Understanding Blade Battery Lifespan
It is important to note that the manufacturer does not state that the service life of a blade battery is limited to “only 8 years.” Instead, they claim that the service life can reach up to 8 years. The theoretical data provided by the manufacturer indicates that a blade battery can last for 1.2 million kilometers within 8 years, supporting more than 3,000 charge and discharge cycles. It is crucial to understand that battery lifespan gradually decreases over time, rather than having an abrupt expiration date like food products.
Summary
The lithium-ion batteries used in electric vehicles are mainly equipped with lithium iron phosphate batteries and ternary lithium batteries.
Ternary lithium batteries have lower cost and longer cycle life compared to lithium iron phosphate batteries, but they have poor thermal stability and high production technology threshold.
Car companies currently use ternary lithium batteries mainly for their high energy density, while lithium iron phosphate batteries are preferred for their thermal stability.
Blade batteries are essentially lithium iron phosphate batteries with a long thin structure design and high-safety features. They have better safety, volume utilization, cycle life, and structural strength compared to ordinary lithium iron phosphate and ternary batteries.
Blade battery cells are arranged vertically in a battery pack, which simplifies the structure and improves space utilization. The blade battery has a flexible structure that allows for customization of the length to make full use of the car’s space.

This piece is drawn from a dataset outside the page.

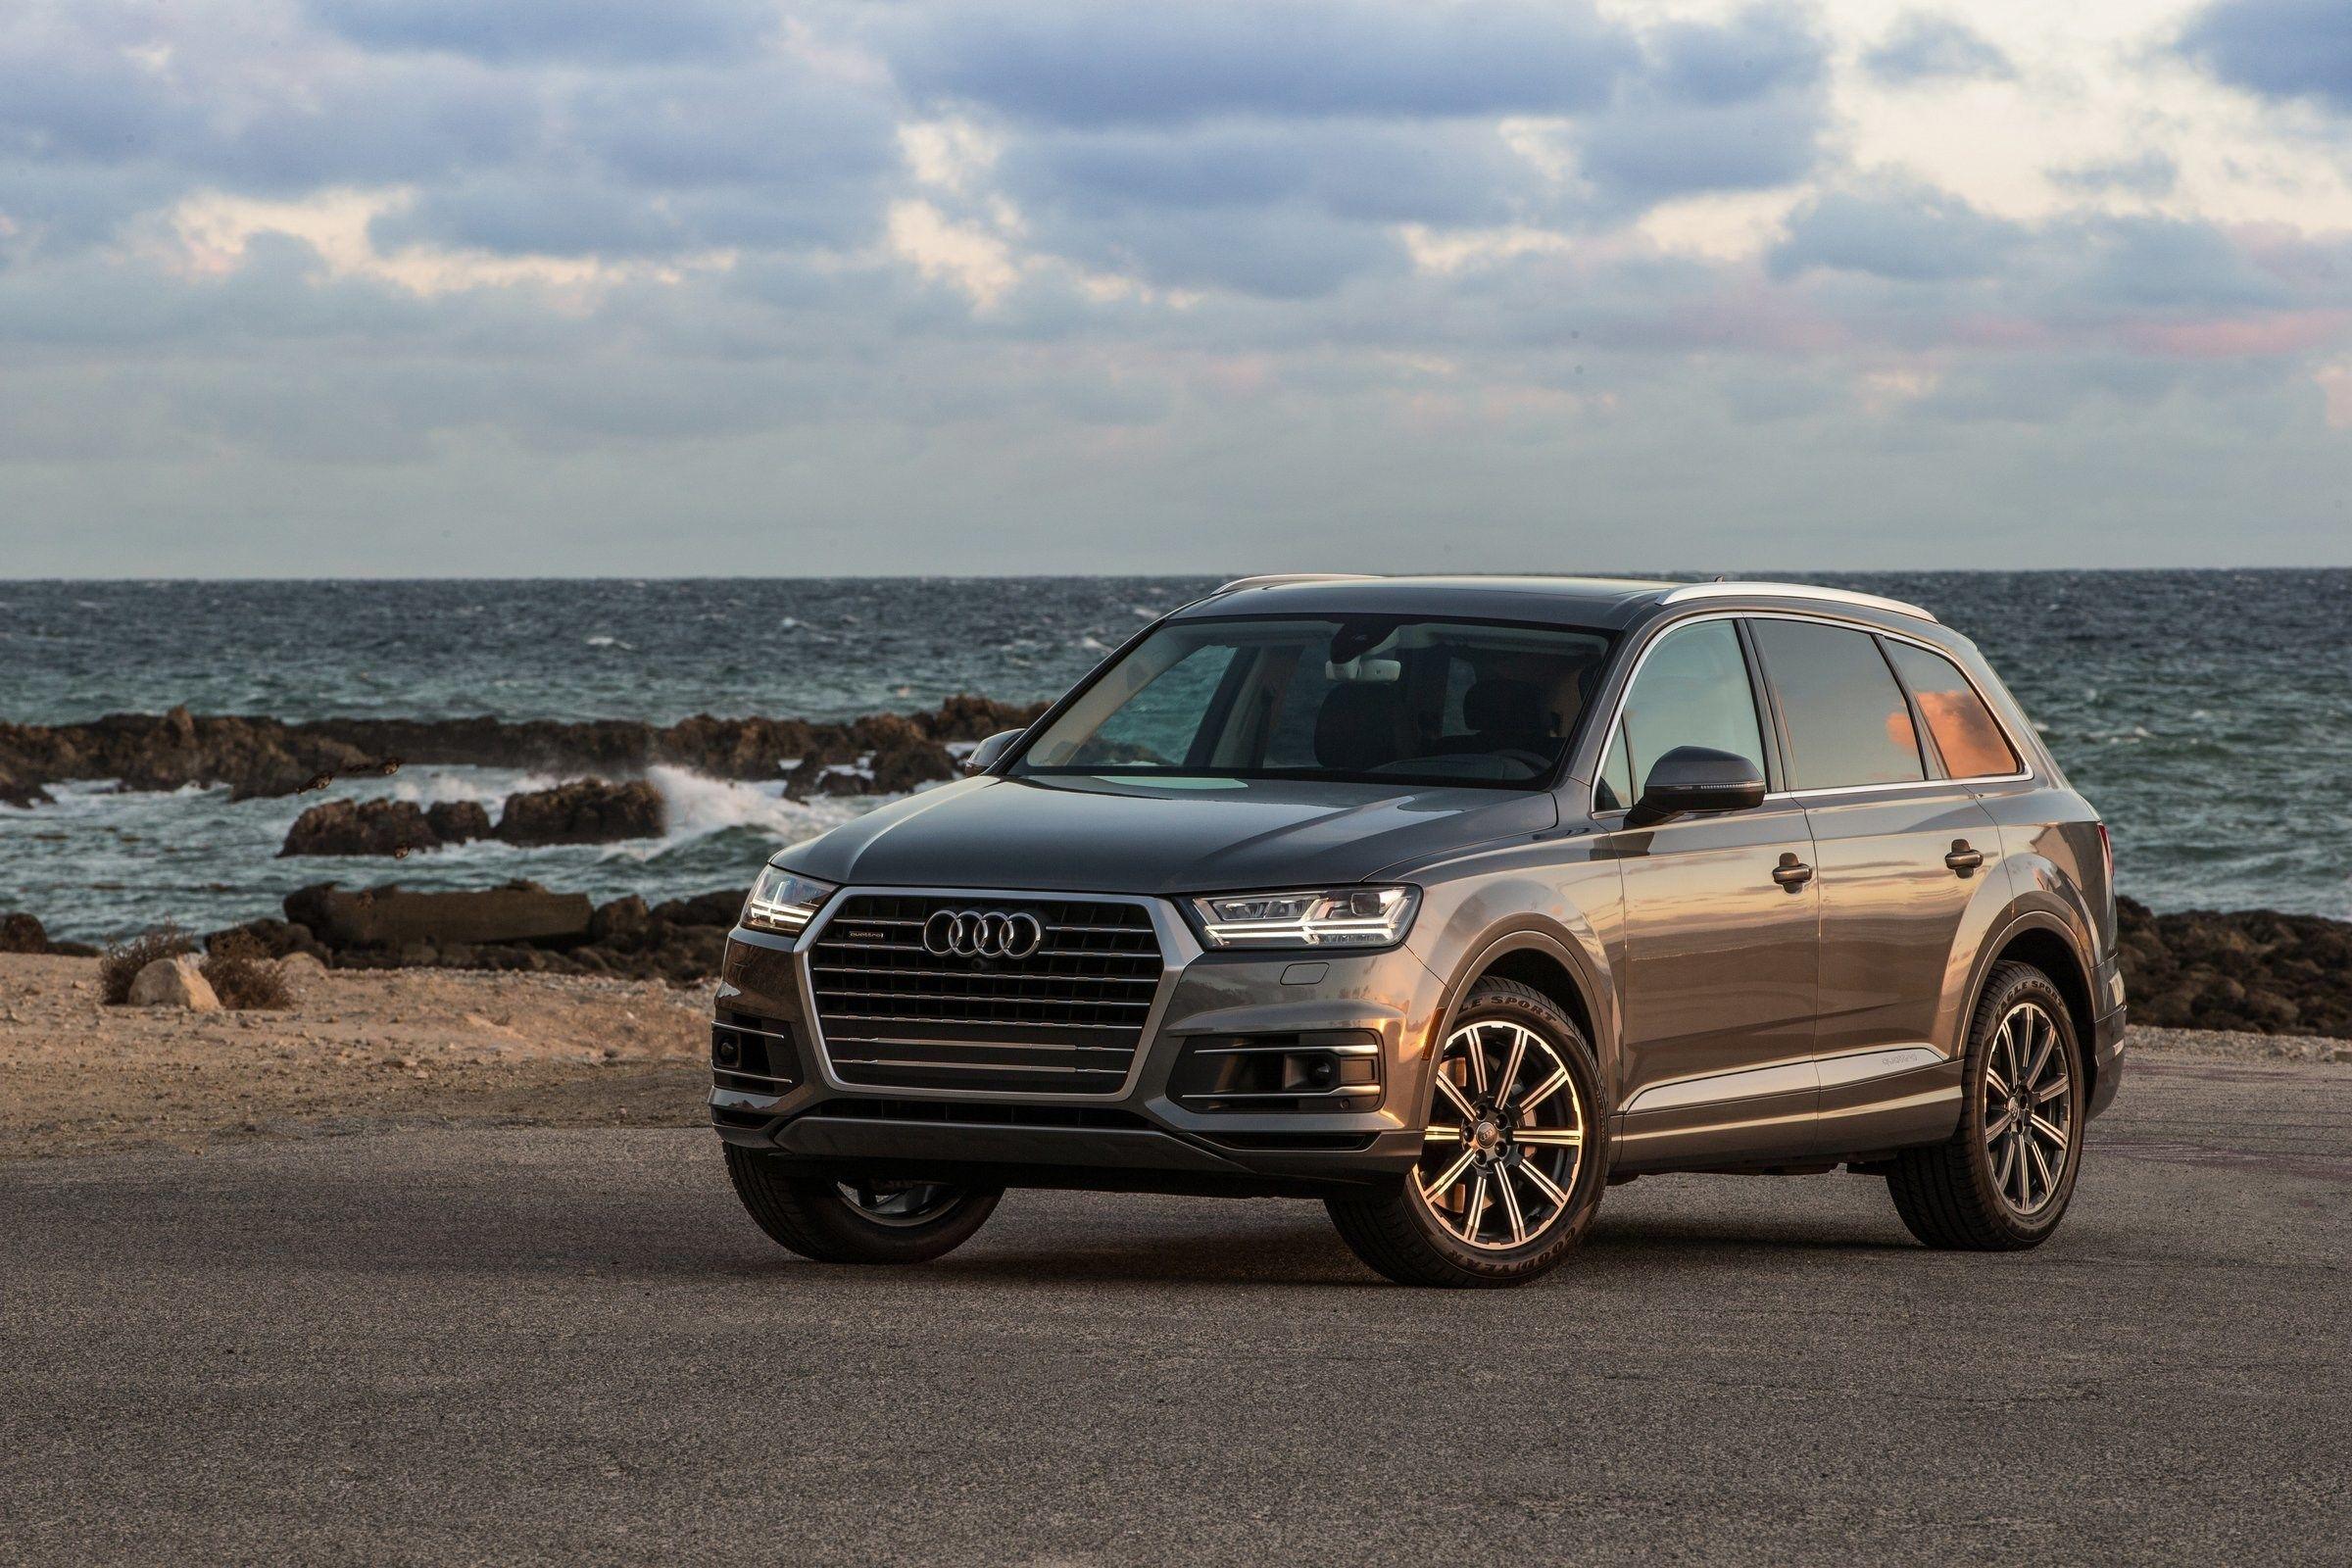 Audi audi q7 wallpaper

In conclusion, blade batteries offer several advantages over traditional lithium iron phosphate and ternary lithium batteries in terms of flexible structure, strength, longer battery life, and excellent safety performance. However, they do have some disadvantages such as reduced low-temperature performance, higher maintenance costs, and increased manufacturing complexity. Technological innovations in large-size laminating processes and high-temperature ceramic coating make blade batteries an intriguing option for EV manufacturers looking for improved energy density without compromising safety or cycle life.

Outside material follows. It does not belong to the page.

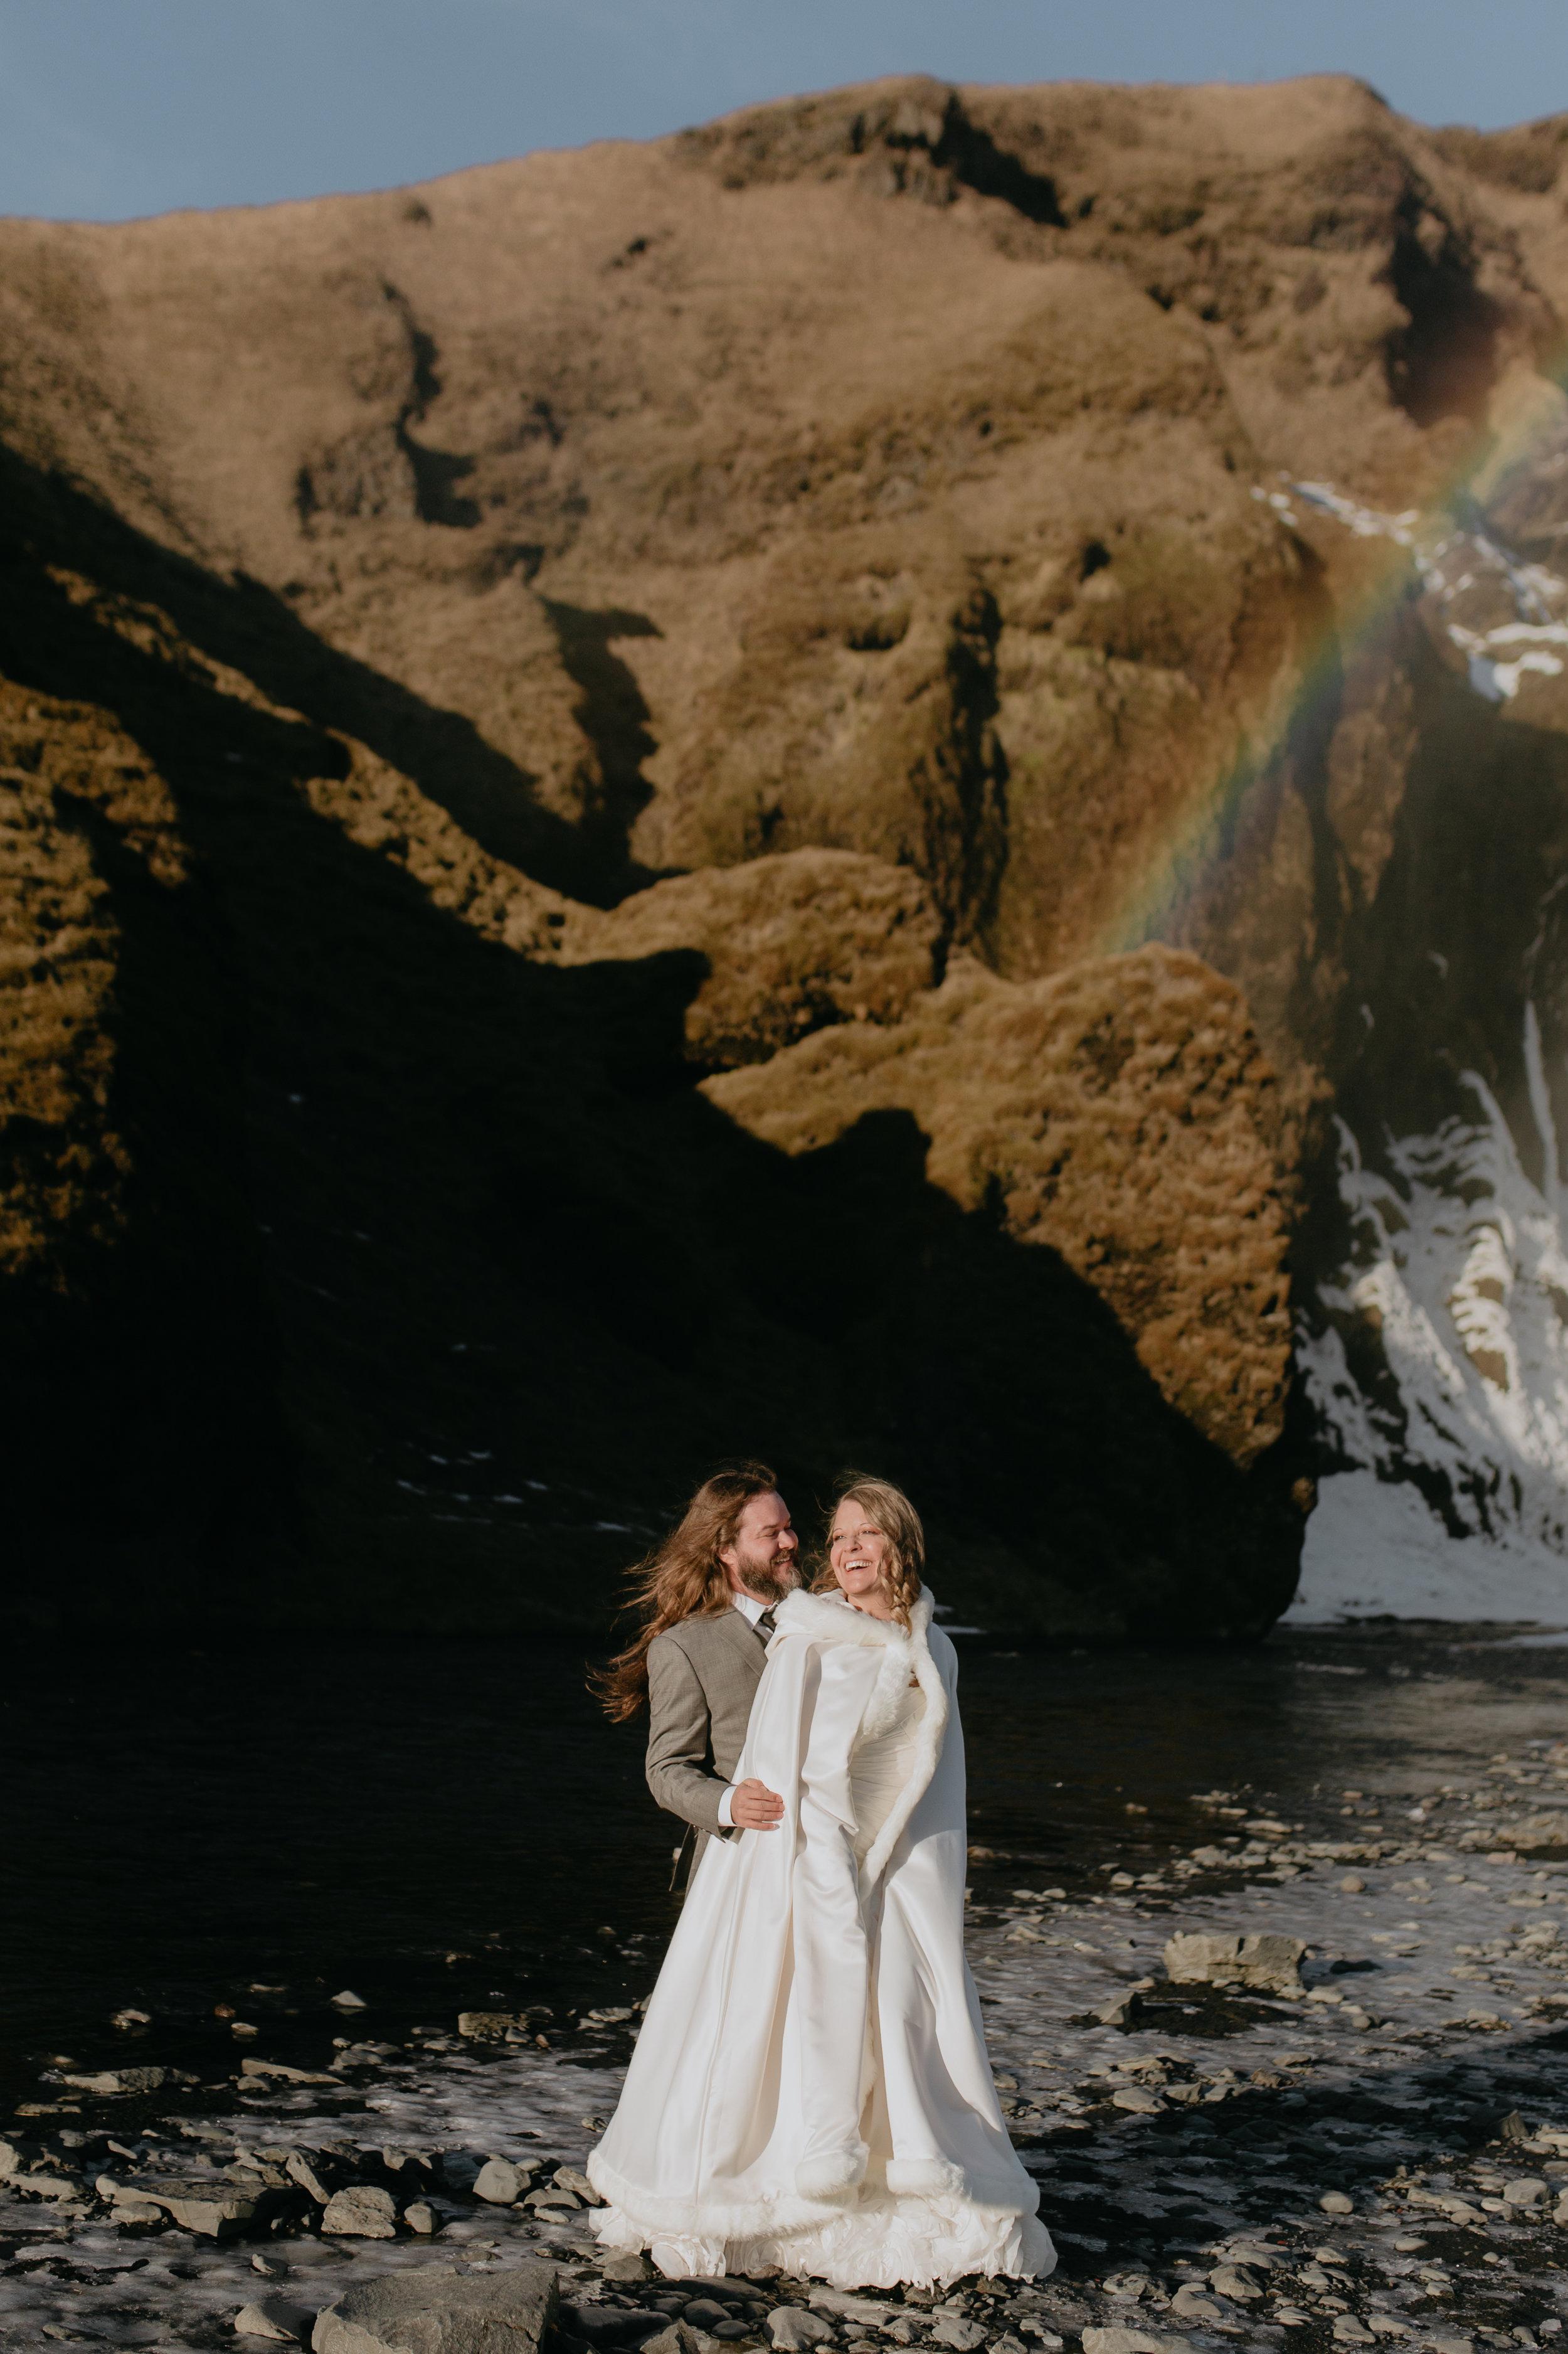 nicole-daacke-photography-iceland-winter-sunset-adventure-elopement-skogafoss-waterfall-black-sand-beach-dyrholaey-vik-iceland-intimate-wedding-black-church-elopement-photographer-4.jpg

By continually pushing technological boundaries and addressing limitations associated with lithium-ion battery chemistries, blade batteries represent an exciting development in the electric vehicle industry. As advances in battery technology continue, we can expect to see further improvements in energy density, performance, and safety of electric vehicle batteries.
Frequently Asked Questions
What are the advantages of BYD's Blade Battery Technology over traditional battery technologies?
BYD's Blade Battery Technology offers several advantages over traditional battery technologies. It has a higher energy density, providing longer driving ranges for electric vehicles. The design reduces the risk of thermal runaway, improving safety. The compact size allows for better space utilization in EVs. Additionally, the Blade Battery has a longer lifespan, reducing the need for frequent replacements.